The Fantastic Four has one of the best rogues galleries in comics. With enemies like the Skrull (and their Super-Skrull), the Kree (and their Sentry-459), Annihilus, Blastaar, Terminus, Diablo (and his Dragon Man), Mad Thinker (and his Awesome Android), Wizard (and his Frightful Four), and Molecule Man, not to mention the aforementioned Dr. Doom, their dance card is nothing to sneeze at. However, if there’s a threat that can completely eclipse their nemesis, it’s Galactus.
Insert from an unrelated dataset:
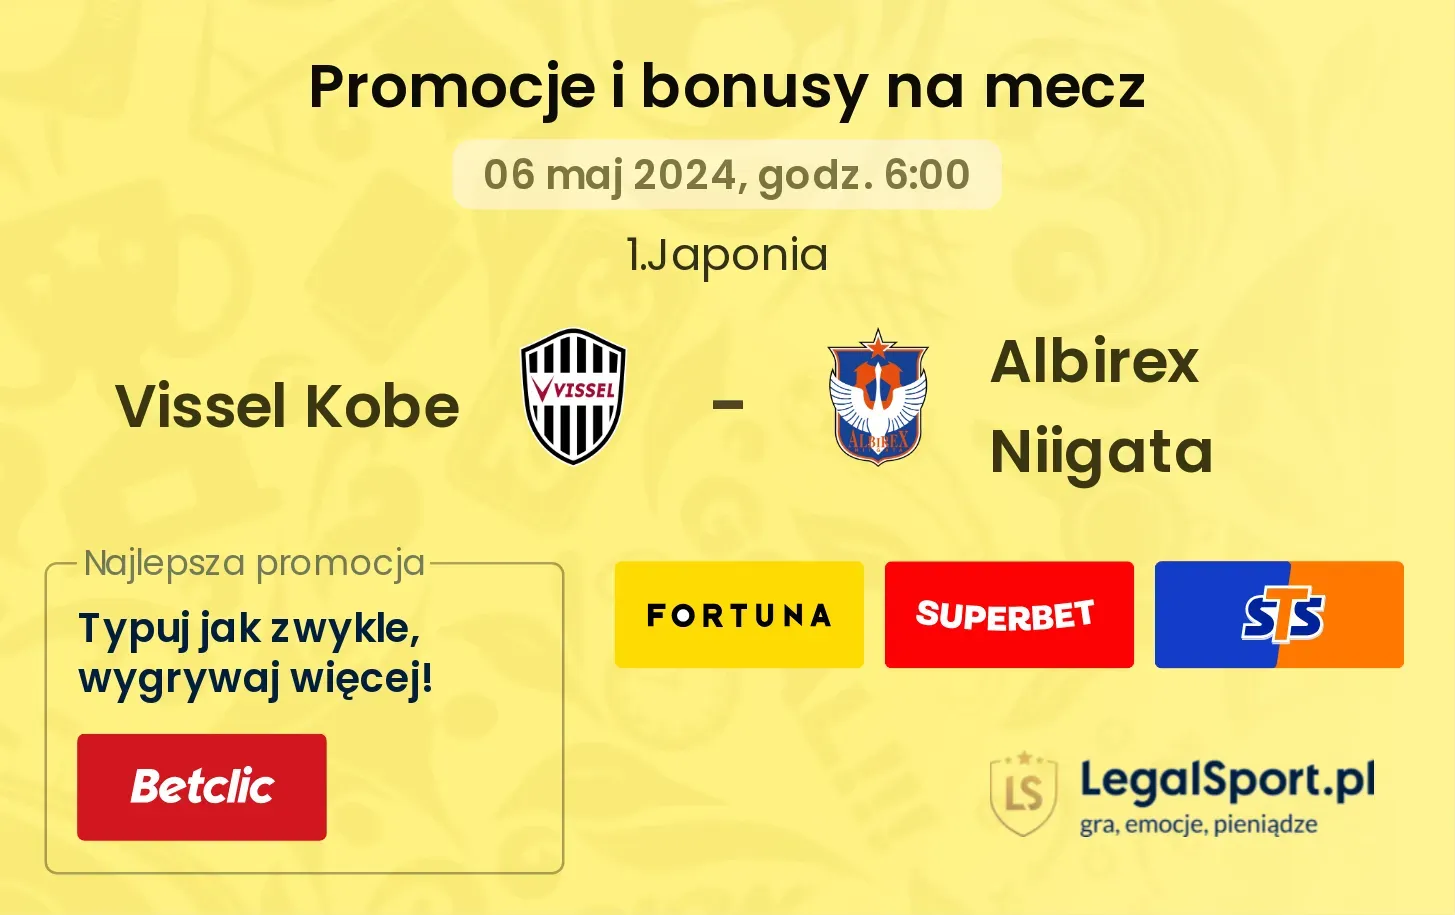 Vissel Kobe - Albirex Niigata bonusy i promocje (06.05, 06:00)

Referred more as a force of nature than an actual villain, Galactus is an ancient being that must consume the energies of entire planets to maintain his existence. Galactus’ appearance above a planet all but guarantees its destruction as he is virtually unstoppable. Worse still, Galactus employs heralds to find him worlds and to handle setbacks to his feeding while he busies himself turning planets into pure energy. Heralds like Silver Surfer, Air-Walker, Firelord, Terrax, Nova, Morg, Plasma, Red Shift, Fallen One, and Stardust who wield the Power Cosmic, a portion of their master’s awesome power, are themselves more than enough of a threat to most worlds alone individually. While undoubtedly if adapted, Brad Bird will not directly lift Galactus and his heralds from the page to the film in purely thinly veiled versions, chances are good analogies of these elements could appear given the previous film’s nods to the Fantastic Four and their villains.